* Required action *
When you return the material, keep every line exactly as it is and omit the pictures.

* Data extract *
=== Begin Enclosure ===

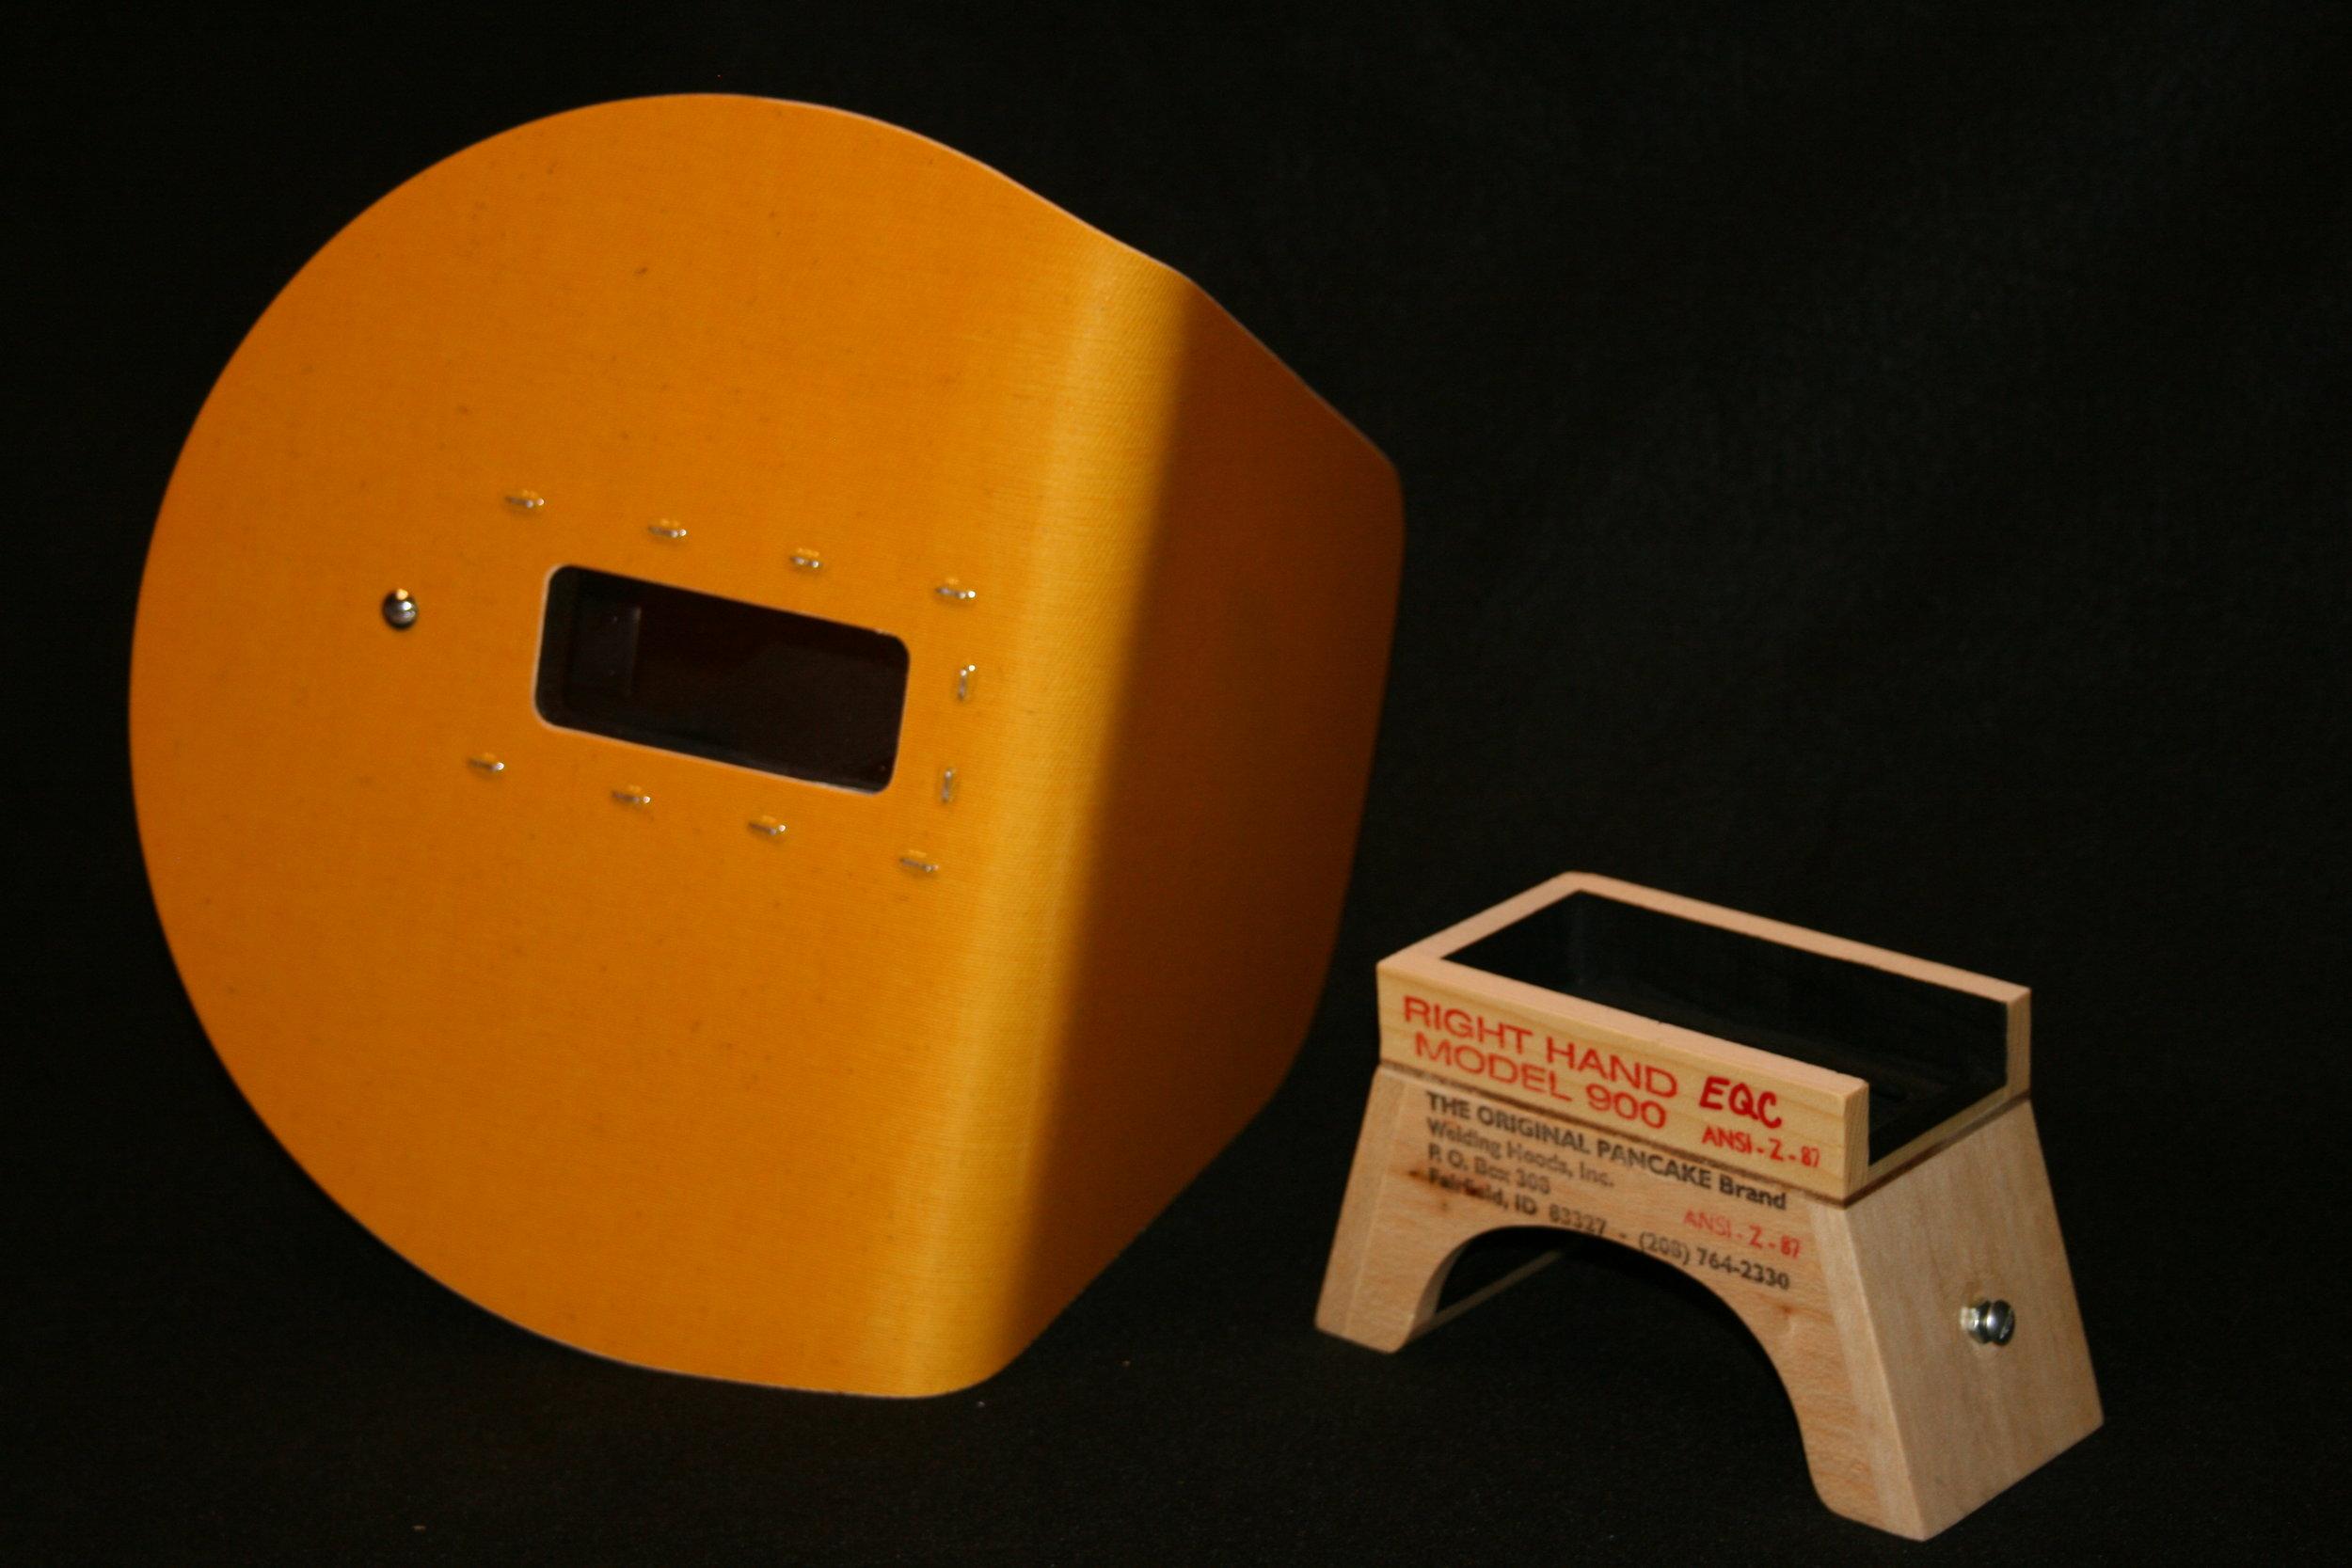 The Original Pancake Welding Hood w// Strap Right Handed
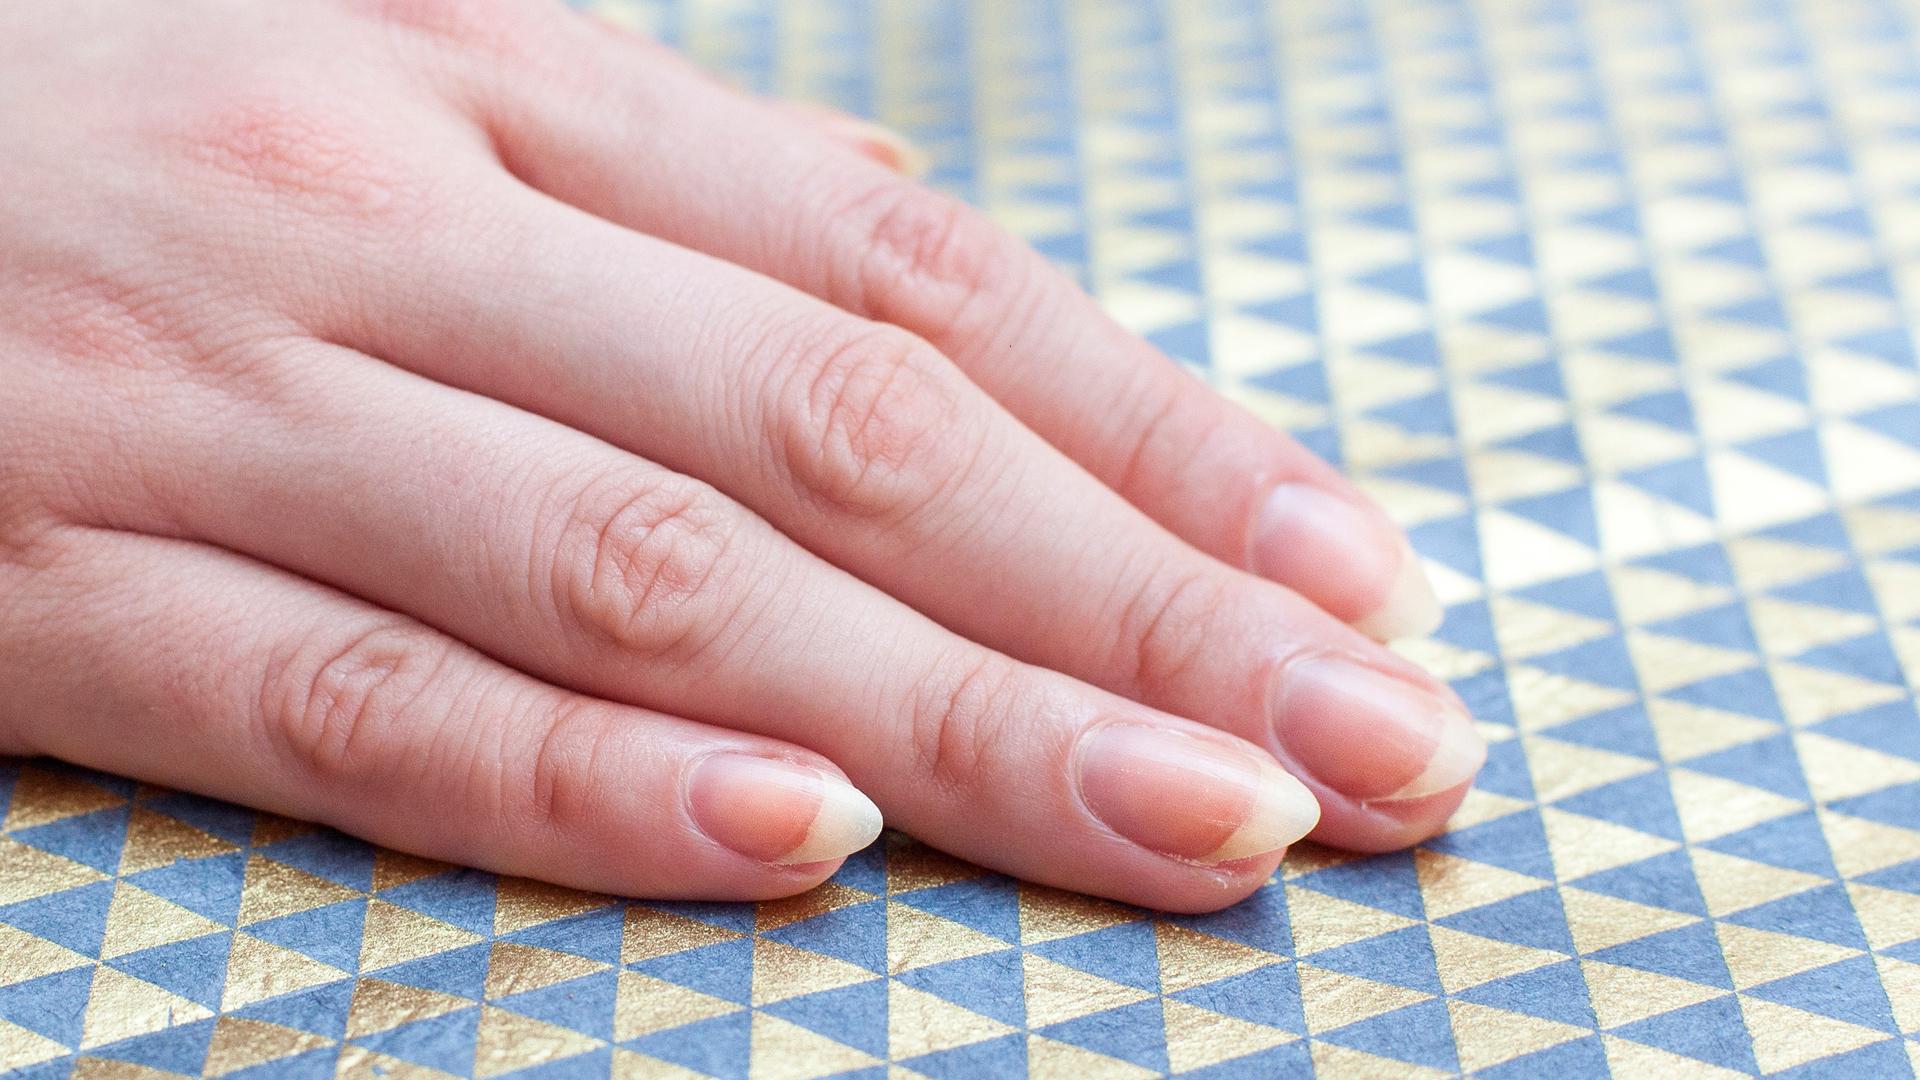 How to create an almond nail shape
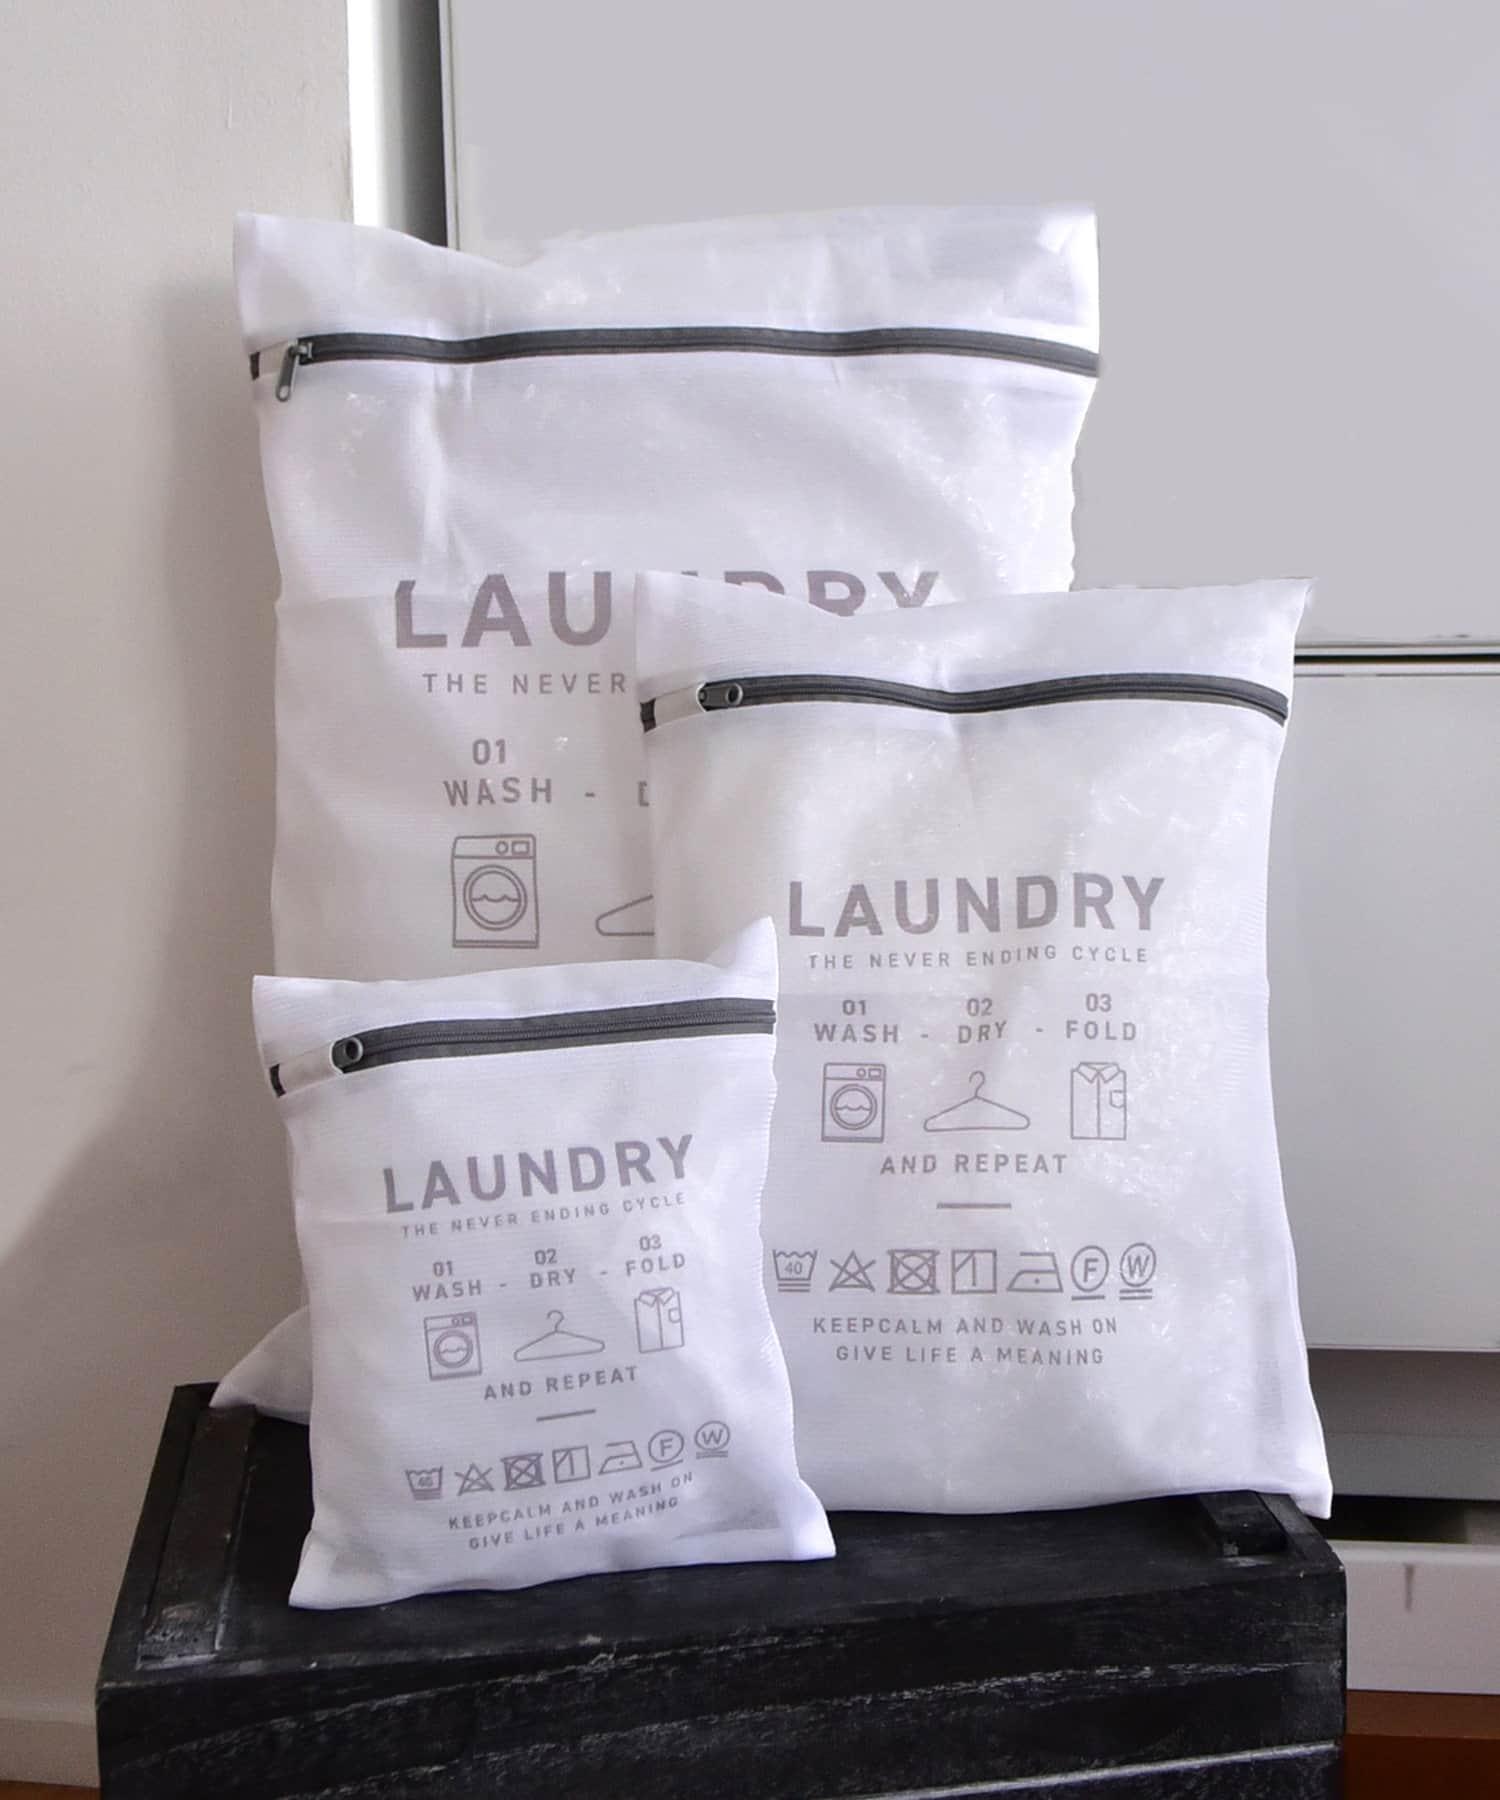 3COINS(スリーコインズ) ライフスタイル 【お洗濯をより快適に】ランドリーネットスクエア3枚セット グレー

=== End Enclosure ===

* Completed exercise *
 The Original Pancake Welding Hood w// Strap Right Handed
 How to create an almond nail shape
 3COINS(スリーコインズ) ライフスタイル 【お洗濯をより快適に】ランドリーネットスクエア3枚セット グレー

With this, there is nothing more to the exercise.